A China divulgou neste domingo uma lista de dez novas medidas de incentivo para Taiwan, incluindo a flexibilização das restrições ao turismo, a permissão para a exibição de dramas "saudáveis" na televisão e a facilitação da venda de alimentos, após uma visita do líder da oposição da ilha.
A iniciativa ocorre ao fim de uma viagem à China de Cheng Li-wun, presidente do Kuomintang (KMT), o maior partido de oposição de Taiwan.
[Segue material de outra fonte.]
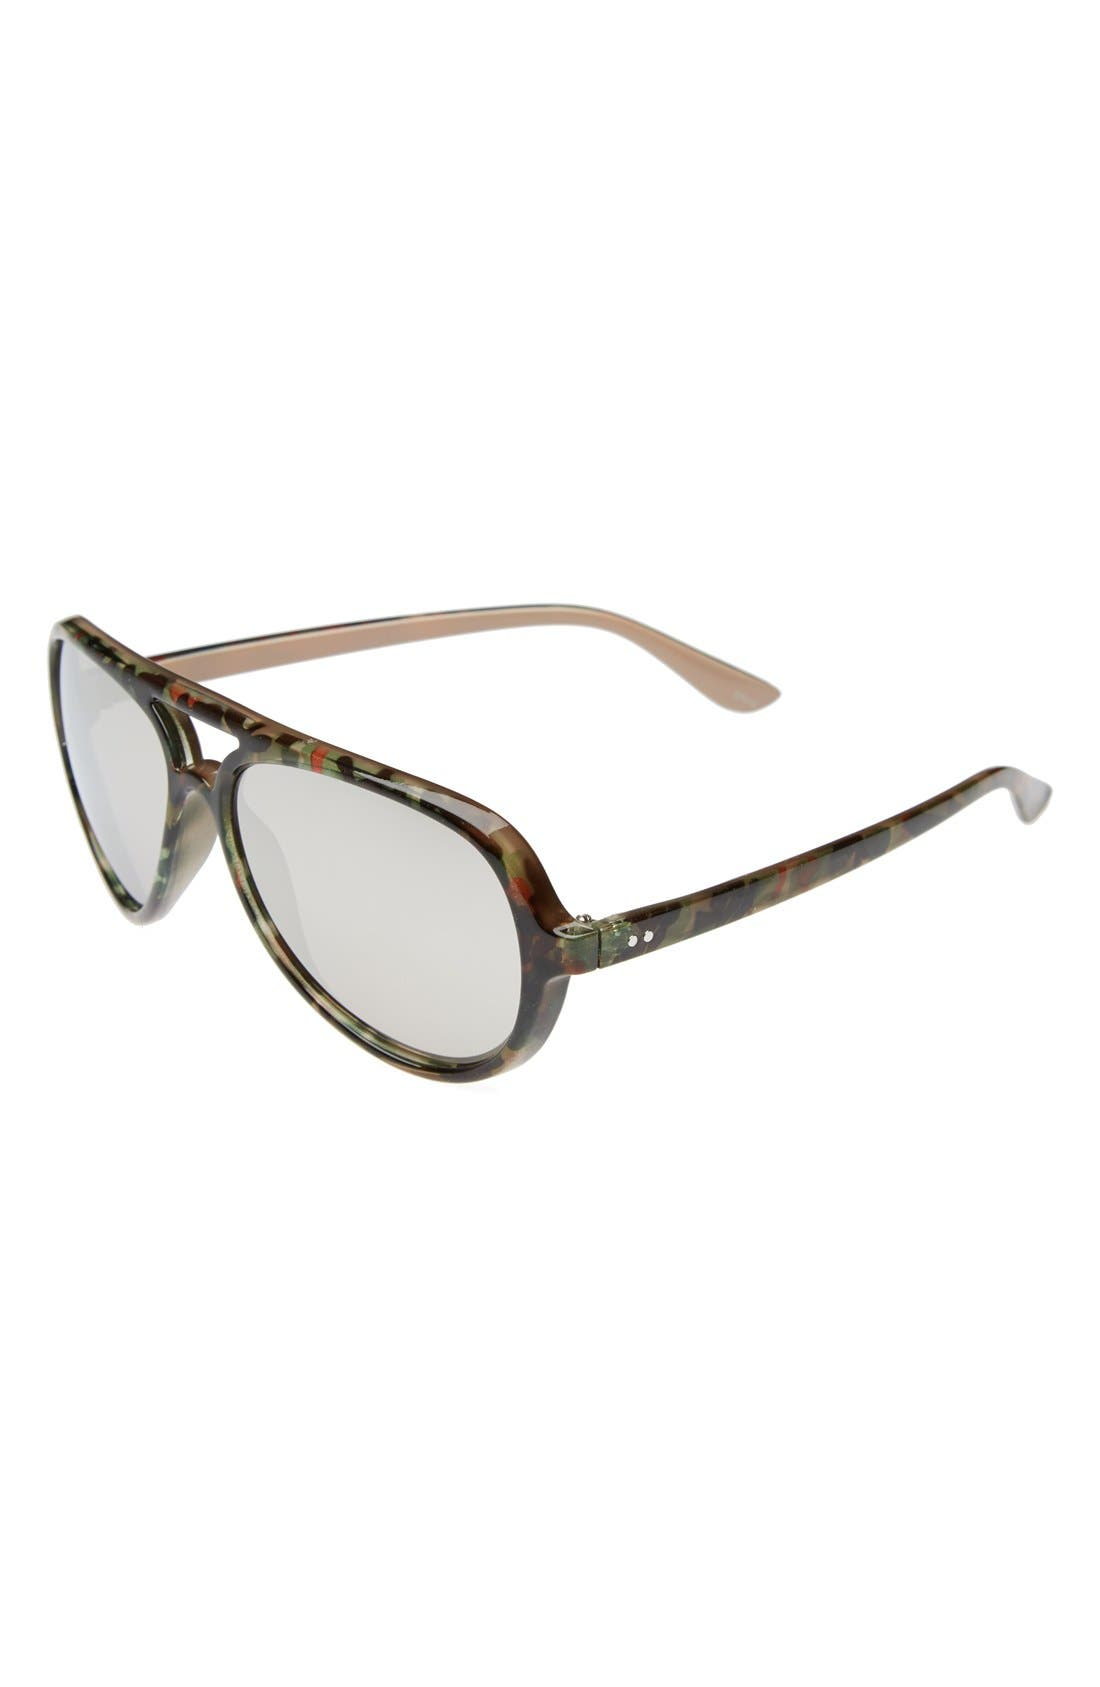 Alternate Image 1 Selected - Icon Eyewear 'Matt' Camo Print Aviator Sunglasses (Big Boys)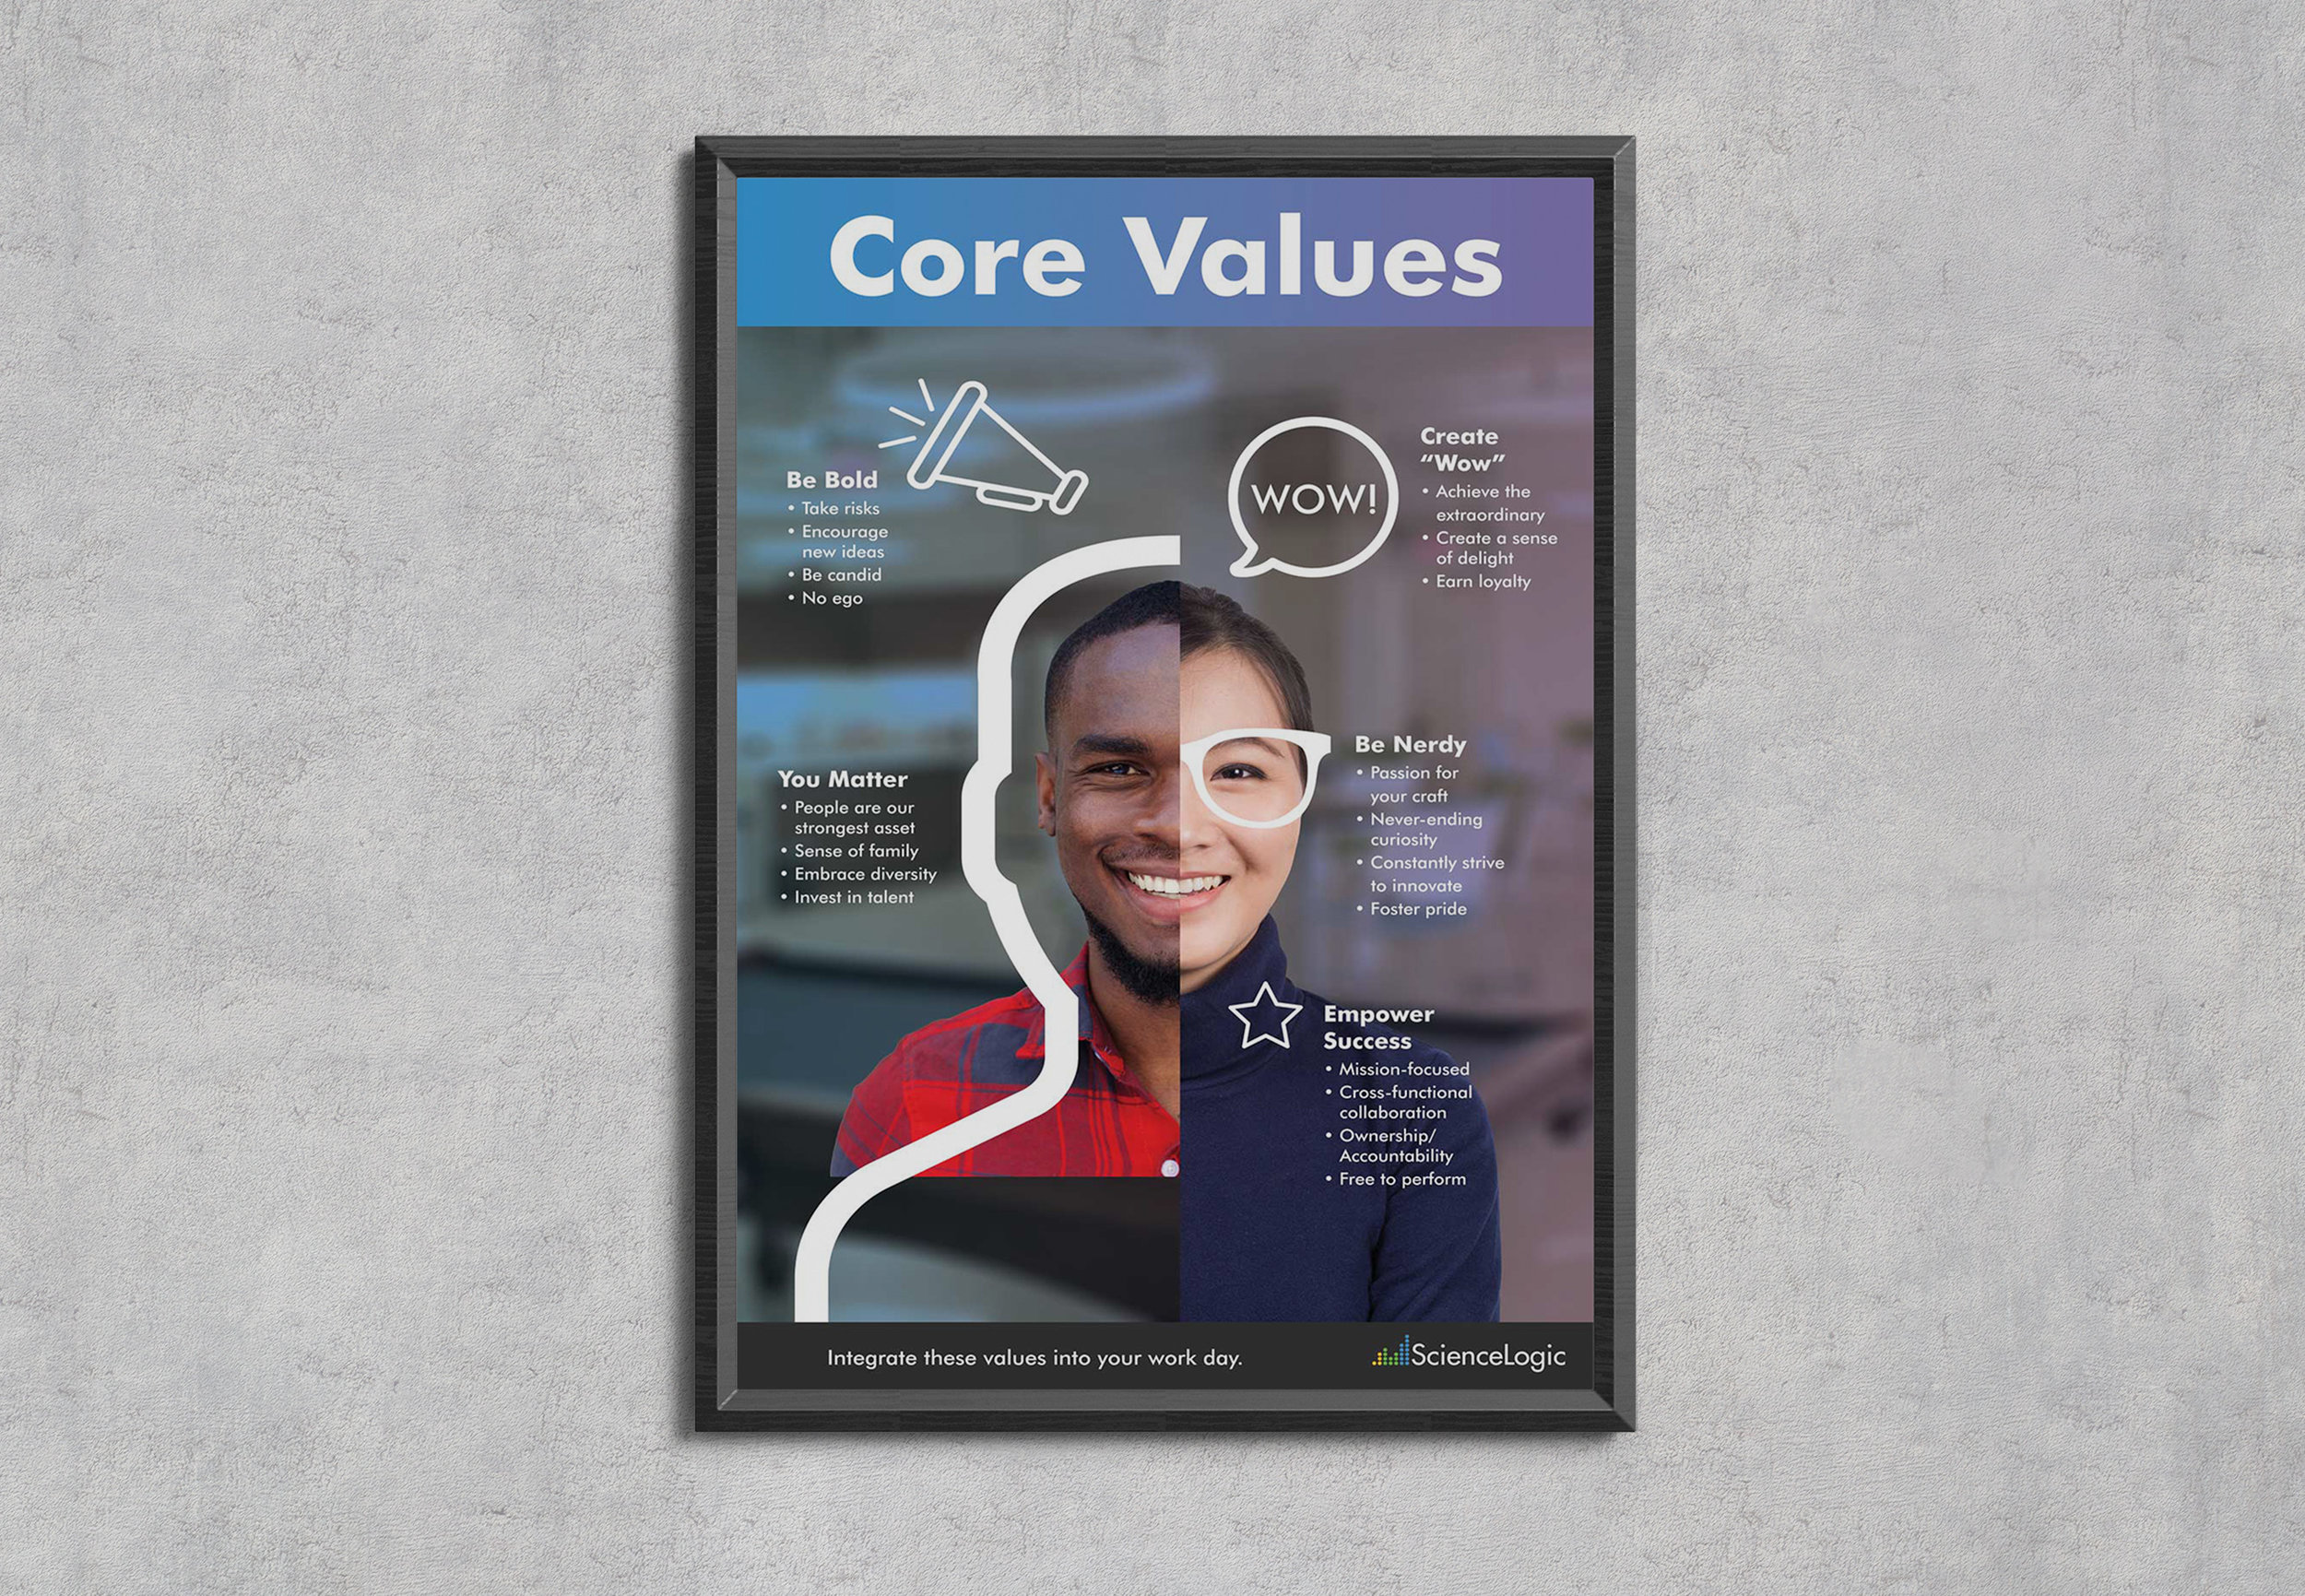 ScienceLogic Corporate Core Values Poster

Ela se reuniu com o presidente chinês Xi Jinping e falou sobre a necessidade de paz e reconciliação.
As dez medidas, reveladas pela agência de notícias oficial Xinhua, "exploram" o estabelecimento de um mecanismo de comunicação regular entre o KMT e o Partido Comunista da China, a retomada total dos voos entre os dois lados e a permissão para que indivíduos de Xangai e da província de Fujian visitem Taiwan.
Um mecanismo será estabelecido para facilitar os padrões de inspeção de produtos alimentícios e de pesca, mas isso deve ser feito sobre a base política de "oposição à independência de Taiwan", disse a Xinhua.
Será permitida a exibição de séries dramáticas de TV, documentários e animações taiwaneses, desde que tenham "orientação correta, conteúdo saudável e alta qualidade de produção", acrescentou.
O Conselho de Assuntos Continentais de Taiwan, responsável pela política da ilha em relação à China, disse em um comunicado que as chamadas "concessões unilaterais" de Pequim são apenas pílulas envenenadas, embaladas como "pacotes de presentes generosos".
O governo de Taiwan apoia intercâmbios saudáveis e ordenados entre os dois lados do estreito, mas eles não devem estar sujeitos a pré-condições ou objetivos políticos, afirmou.
Em uma declaração, o KMT saudou o anúncio da China, dizendo que era um "presente" para o povo de Taiwan.
A China se recusa a falar com o presidente de Taiwan, Lai Ching-te, e o considera um "separatista" por rejeitar as reivindicações de soberania de Pequim sobre a ilha governada democraticamente.